Al conocer otras ciudades o al reconocer la propia, pocos lugares me atraen tanto como los cementerios, lugares en los que están reunidos nuestros ancestros, el sitio que es en sí mismo un elemento fundamental de nuestra identidad cultural.
Pienso que a un pueblo se le conoce, entre otras cosas, por sus mercados y panteones, porque los camposantos se convierten en un retrato de cómo honramos a nuestro pasado. De ahí que no todos los panteones sean iguales y de eso estoy seguro pues en lo posible trato de conocerlos al llegar a una ciudad en la que sé que pasaré una temporada.
Creo recordar que esa idea de relacionar los panteones con la manera en que un pueblo respeta a sus muertos lo leí del escritor estadounidense Ray Bradbury, aunque honestamente no recuerdo. Bradbury del que recuerdo que escribió un cuento sobre las momias de Guanajuato impactado al haberlas visitado al final de la década de los cuarenta en el cementerio de esa ciudad. Eran esas mismas momias que visité frecuentemente en su museo durante mi infancia cuando iban familiares o amigos a la ciudad de mi infancia e íbamos ahí como parte de los sitios de interés en un recorrido turístico infaltable.
De alguna manera, esas momias son la prueba más evidente de que cada cementerio tiene su peculiaridad, en el municipio de Encarnación de Díaz en Jalisco hay un museo más nuevo también con momias pertenecientes a un bello panteón que es de los mejor conservados y antiguos del Camino Real de Tierra Adentro, un lugar que recomiendo conocer.
Sin embargo, para la mayoría de los latinoamericanos la fecha en que regularmente vamos al cementerio es en el Día de Muertos, es cuando puede verse el lugar repleto de personas que visitan a sus familiares o amigos difuntos.
Recuerdo el Cementerio General de Santiago de Chile, un lugar con mausoleos enormes edificados por las familias más adineradas de la ciudad, también con un área denominada el Patio 29 destinada a los cuerpos de los asesinados en el periodo de la dictadura pinochetista y que al no ser identificados fueron depositados en ese lugar. Frente a esa zona de cruces sin nombre está la calle México, es un espacio para cuerpos de personas con escasos recursos dispuesto en gavetas en las que estuvieron sepultados en la emergencia del momento de mayor represión del régimen militar personalidades como el poeta Pablo Neruda para luego ser enviados sus restos a su casa frente al mar en Isla Negra, como también el cantautor Víctor Jara, torturado y asesinado por los golpistas quien fue depositado ahí por sus familiares en 1973.
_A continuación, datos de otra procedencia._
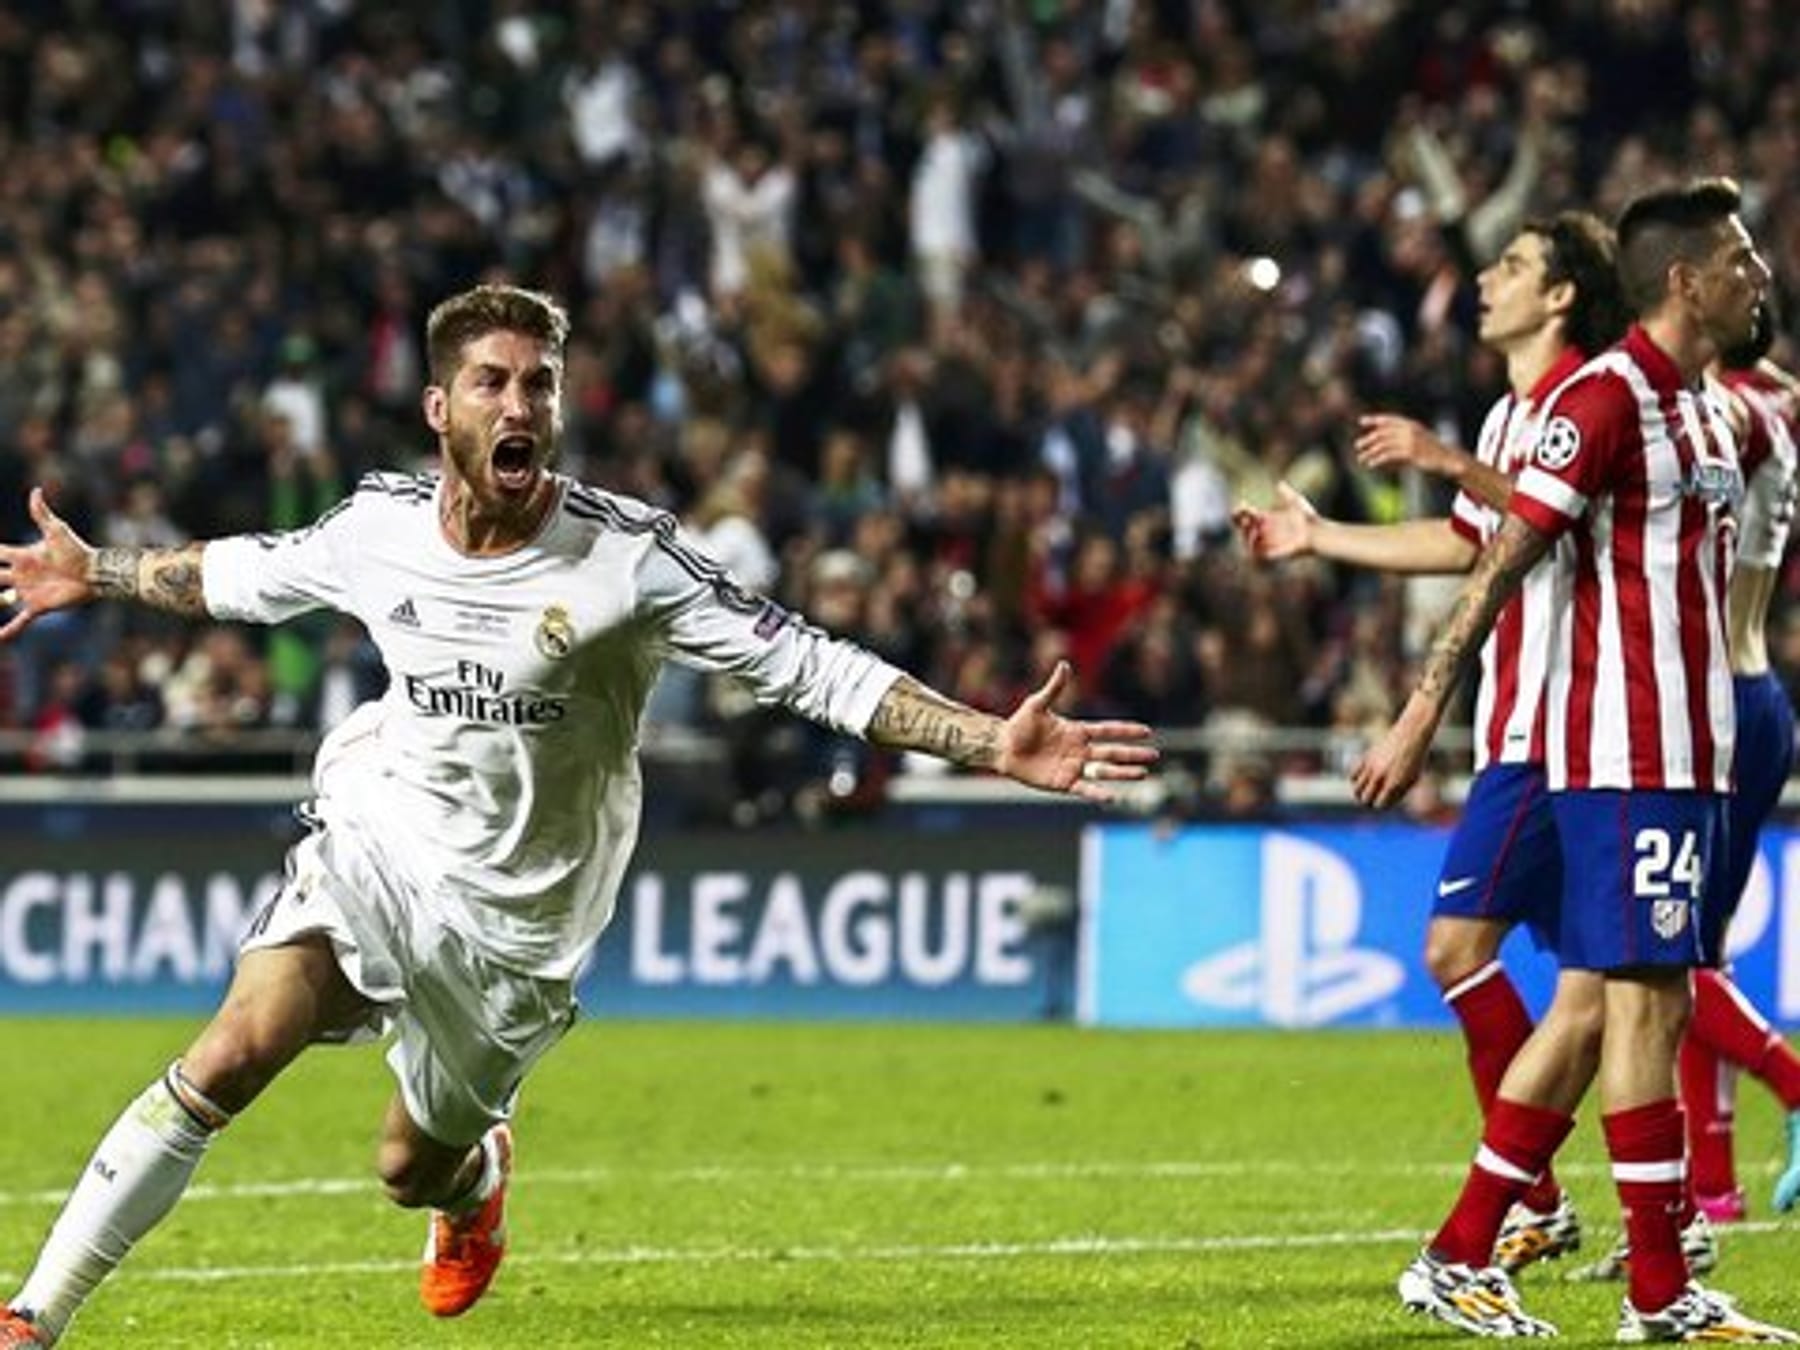 Champions-League-Finale Live-Stream Real - Atletico live sehen
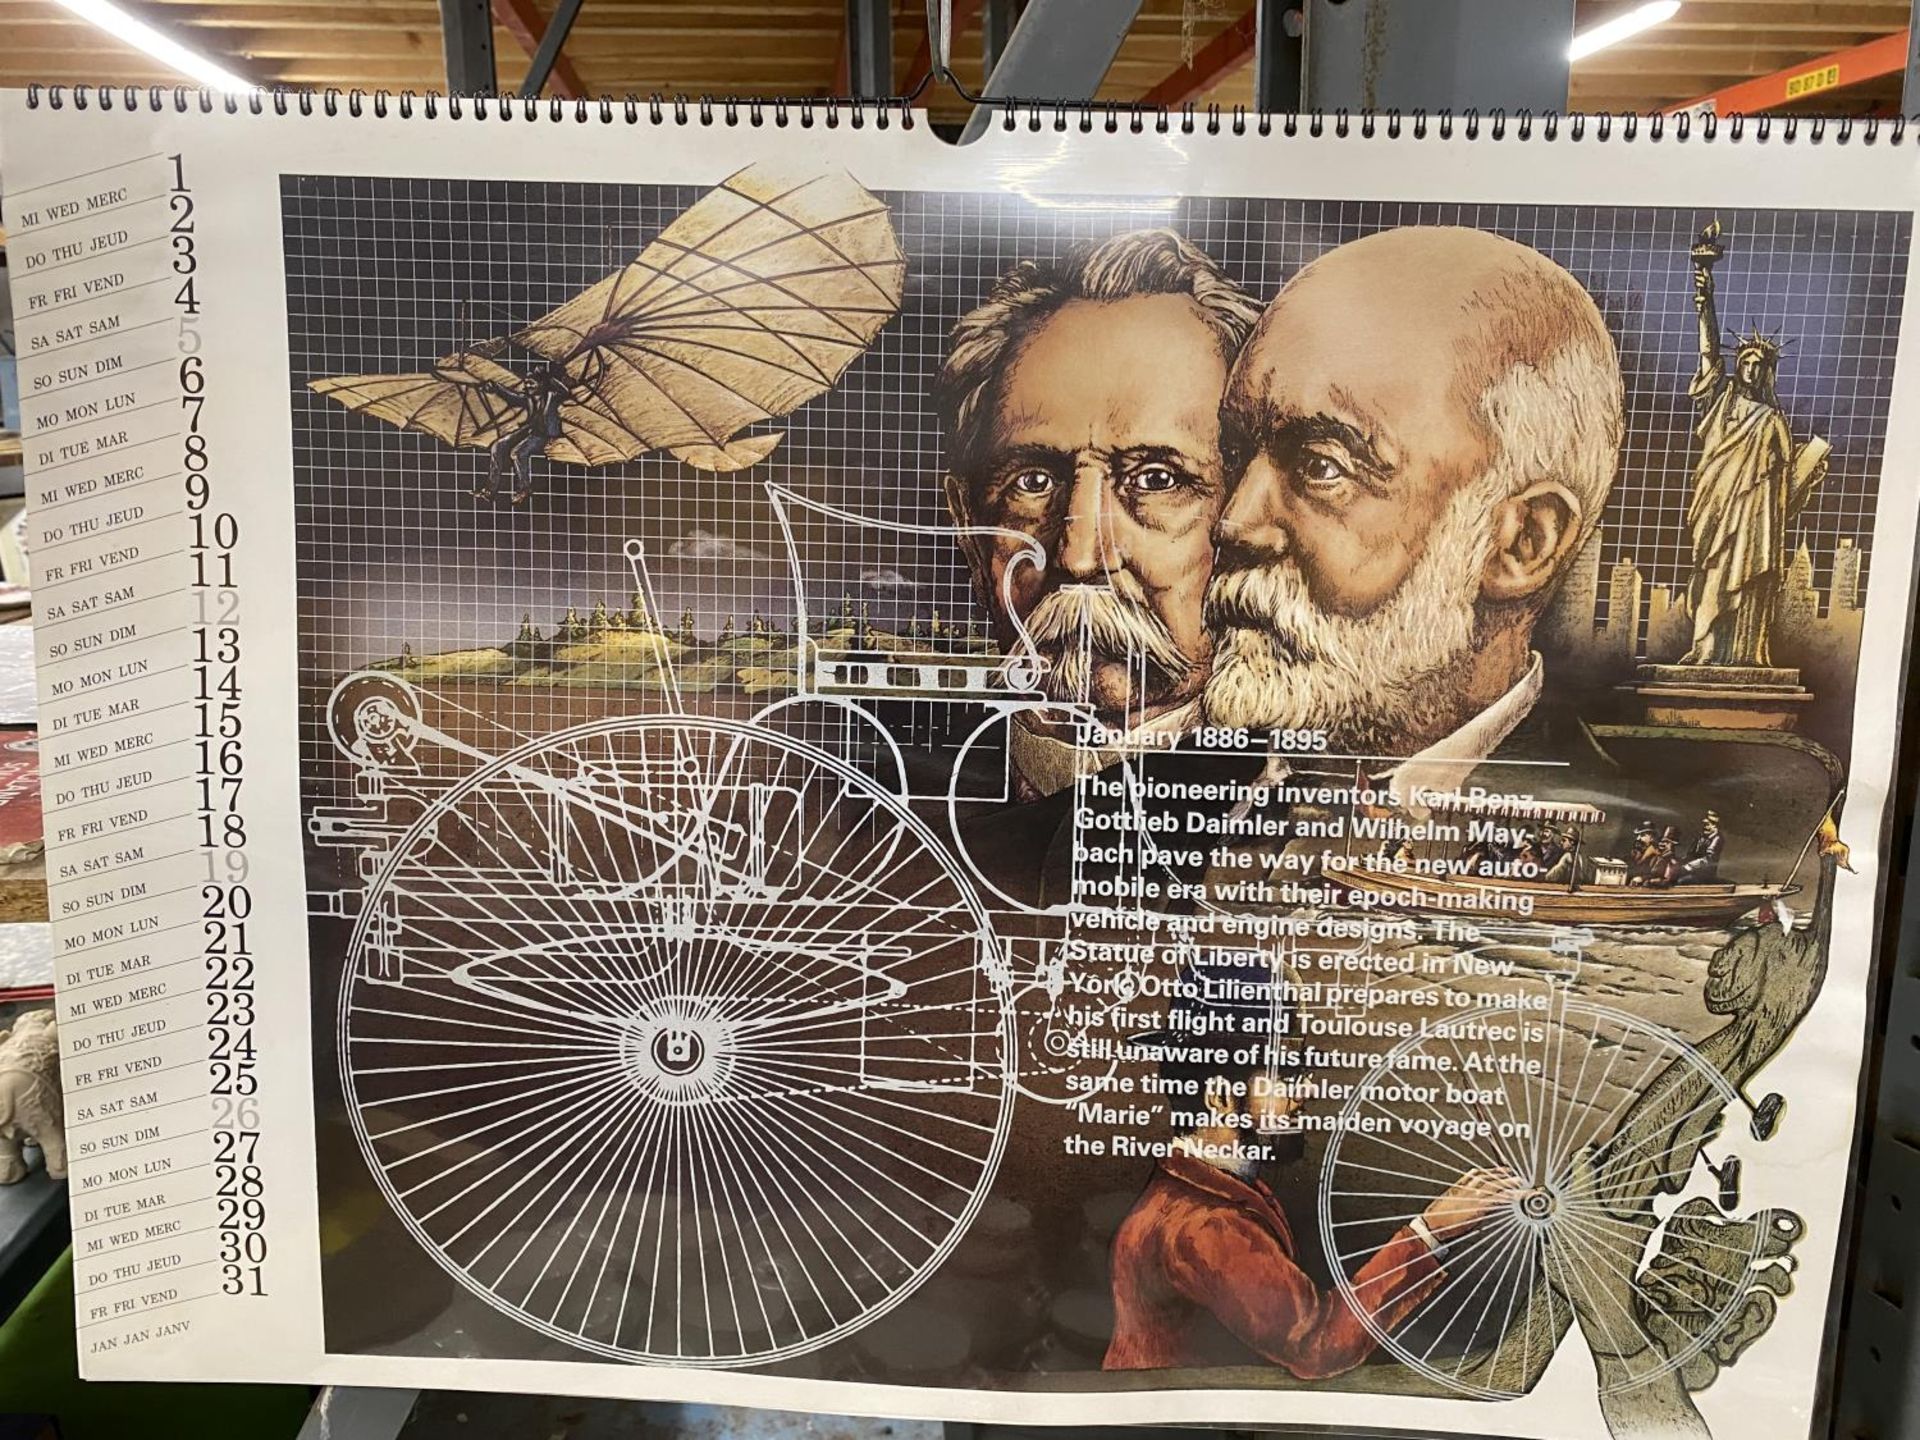 A CALENDER TO MARK 100 YEARS OF MERCEDEZ BENZ, CONTAINING FACTS ABOUT ITS BIRTH AND HISTORY 1886-

Muy cerca de la entrada principal se encuentra el Memorial del Detenido Desaparecido y del Ejecutado Político, un enorme muro con miles de nombres y en la parte superior labrado el verso del poeta Raúl Zurita que dice: “Todo mi amor está aquí y se ha quedado pegado a las rocas, al mar, a las montañas”. Ese día el muro era visitado por cientos de personas que dejaban flores por aquellos que fueron asesinados por la dictadura de extrema derecha y no sabían del destino de sus seres queridos.
A ese panteón lo recorrí precisamente en el Día de Muertos en que había muchas personas visitando a sus amigos y familiares fallecidos en un ambiente que me recordó en mucho al que vivimos en estas fechas en México. Ahí, hombres y mujeres dejaban flores, comían sobre las lápidas o barrían las tumbas algunas decoradas con banderas del equipo de futbol del Colo- Colo. Me pareció interesante que los mausoleos de los ricos era una zona casi solitaria, mientras que las zonas populares estaban llenas. En Valparaíso conocí el Cementerio Disidentes, un sitio que nació para depositar los restos de fallecidos no católicos, algo que no he visto en otras partes.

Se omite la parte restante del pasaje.